Beginning with the line that holds "28ft Pinnace (Vanguard Models, 134mm)" and ending with the last line below, please copy every line exactly, add nothing, and leave out the pictures.

GIVEN INFORMATION —
★ ★ ★
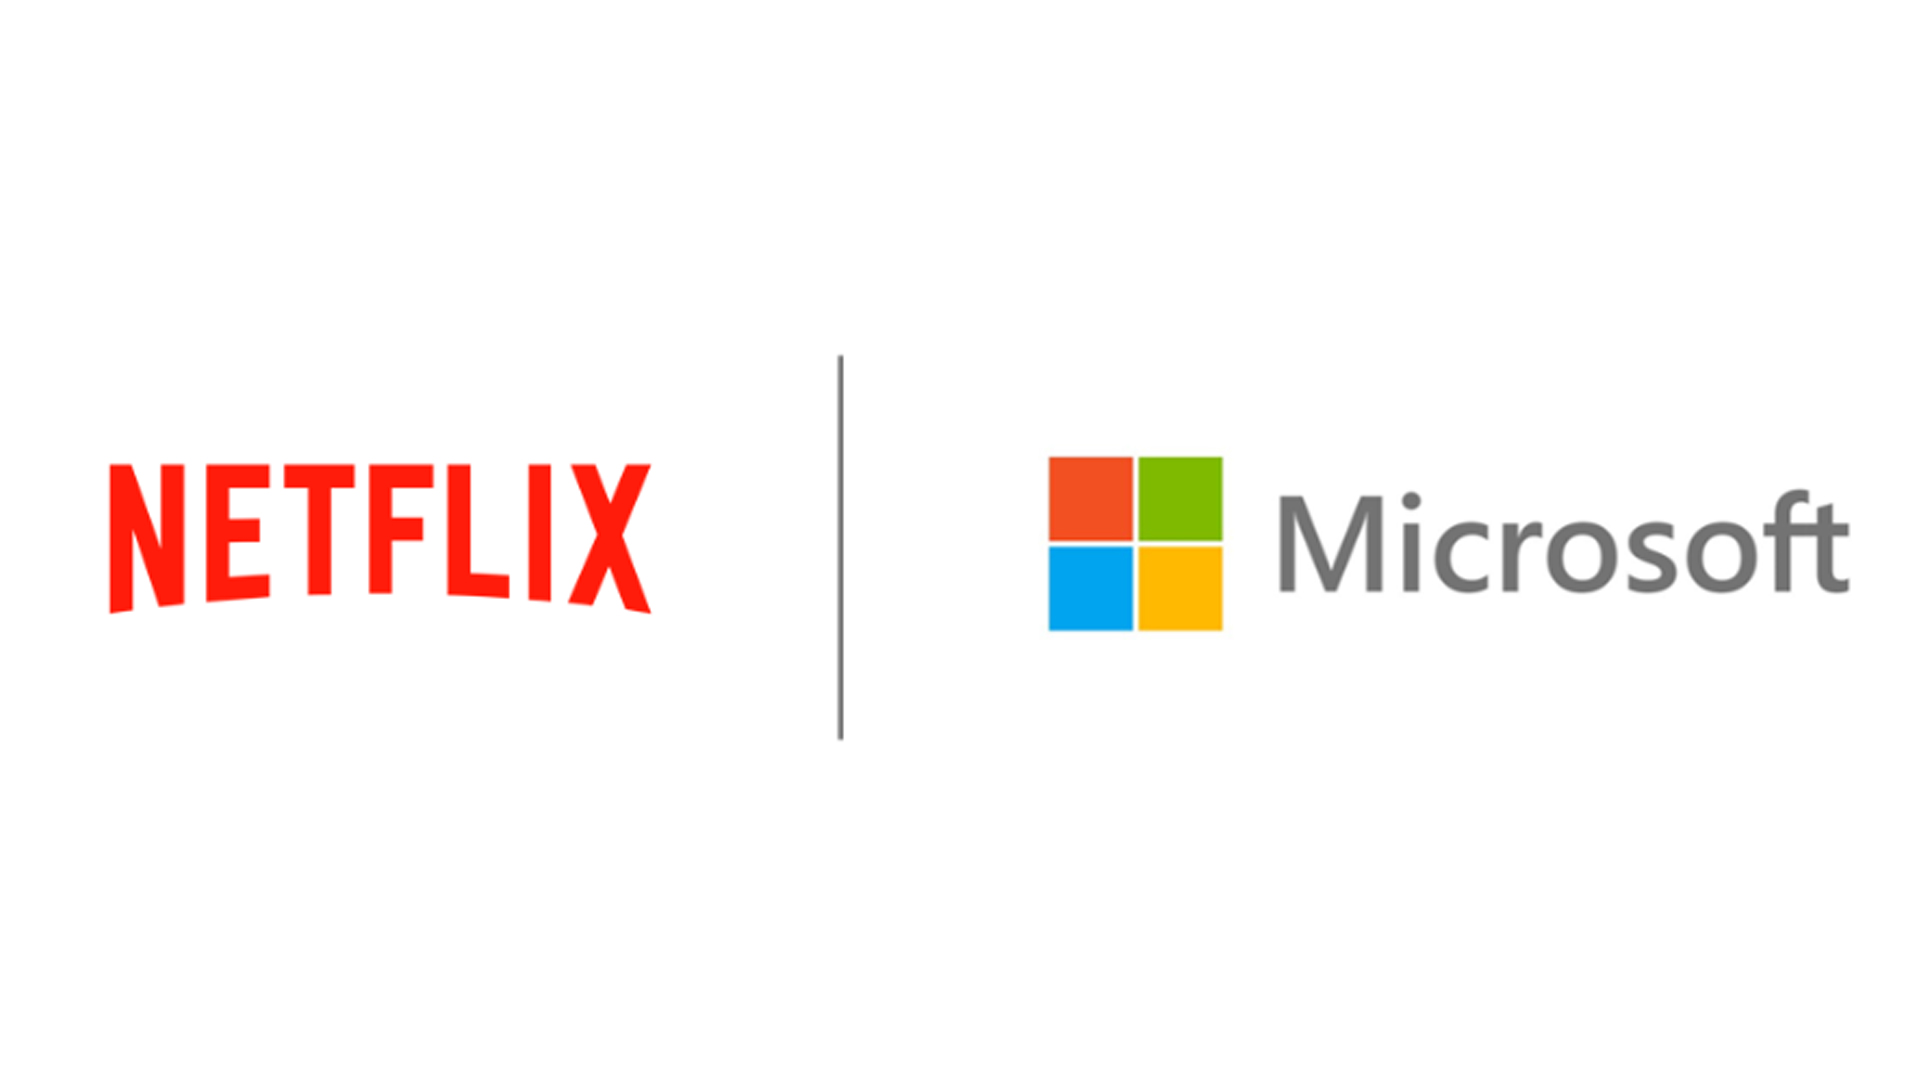 Netflix + Microsoft logos
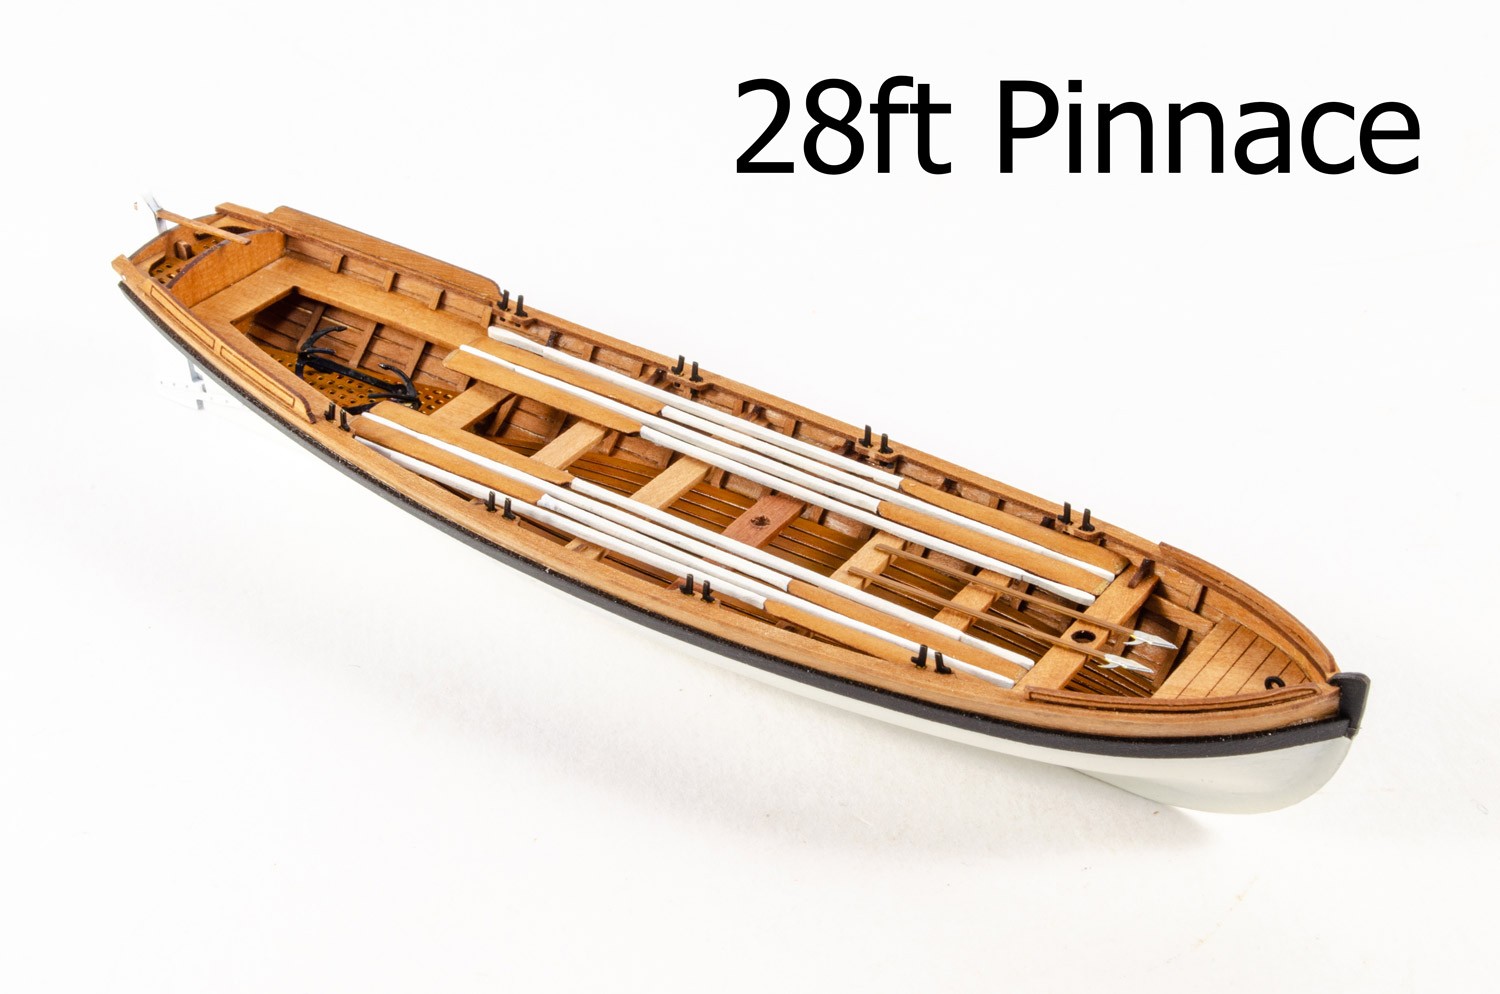 28ft Pinnace (Vanguard Models, 134mm)
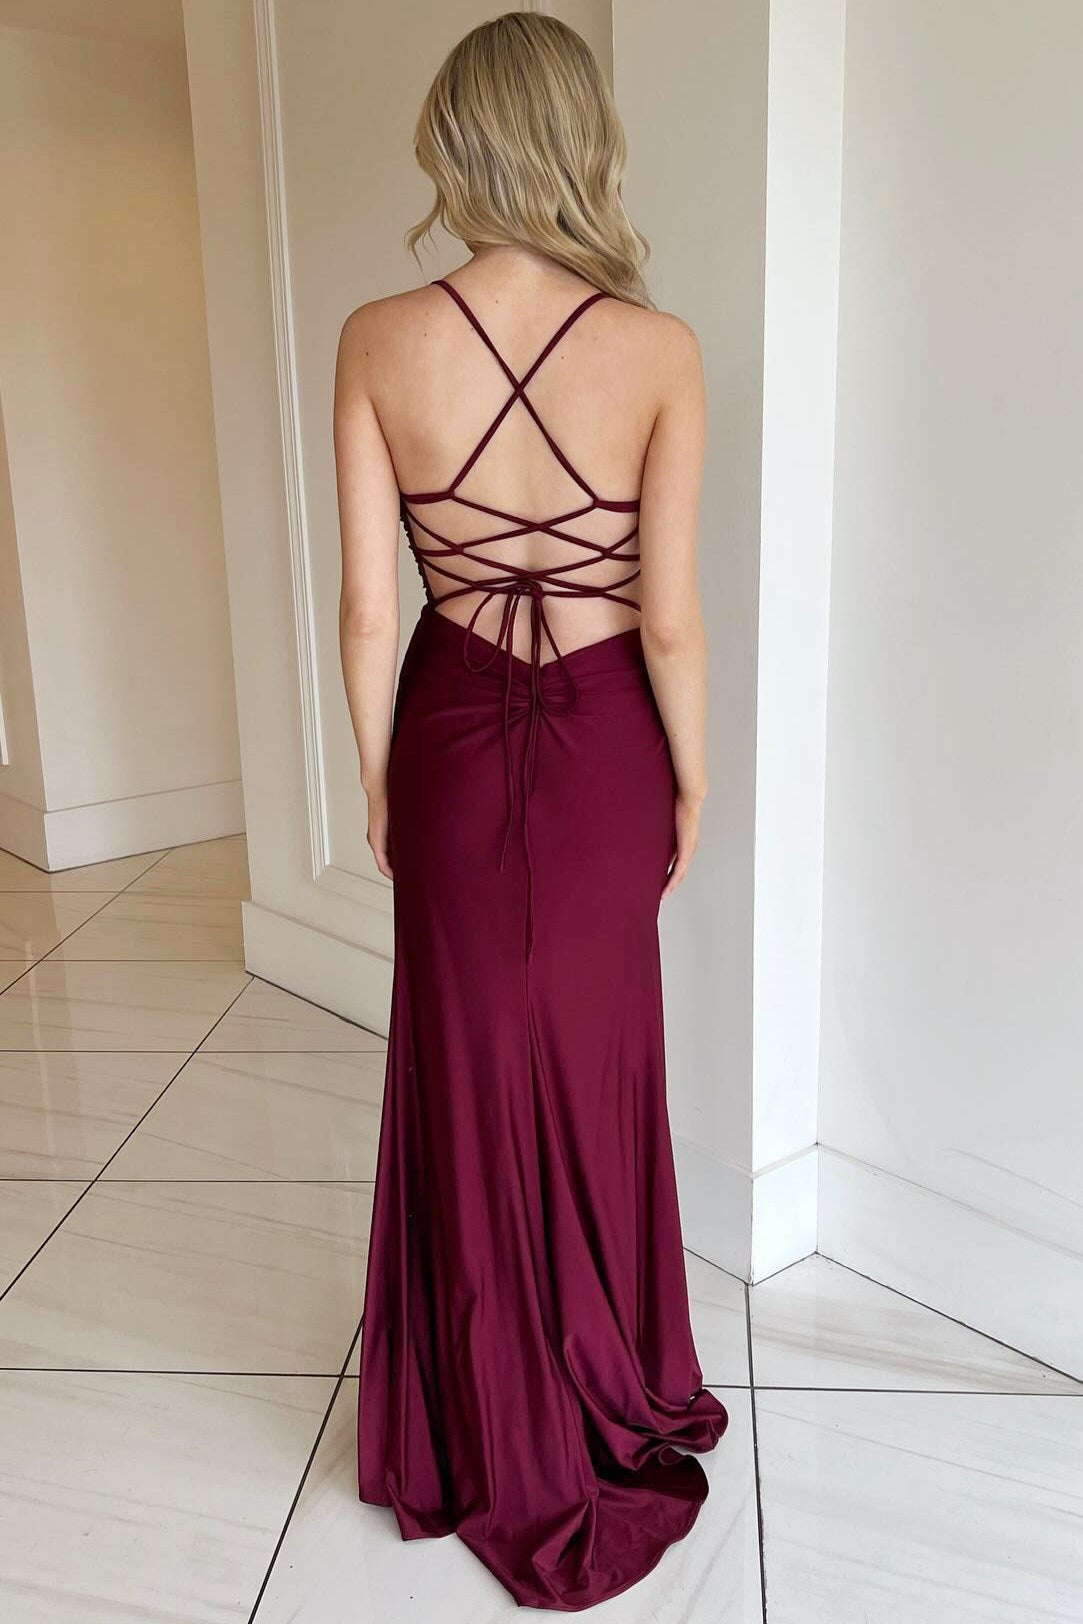 Rochelle | Burgundy V-Neck Lace-Up Long Formal Dress with Slit
★ ★ ★
ANSWER TO THIS TASK —
 28ft Pinnace (Vanguard Models, 134mm)
 Rochelle | Burgundy V-Neck Lace-Up Long Formal Dress with Slit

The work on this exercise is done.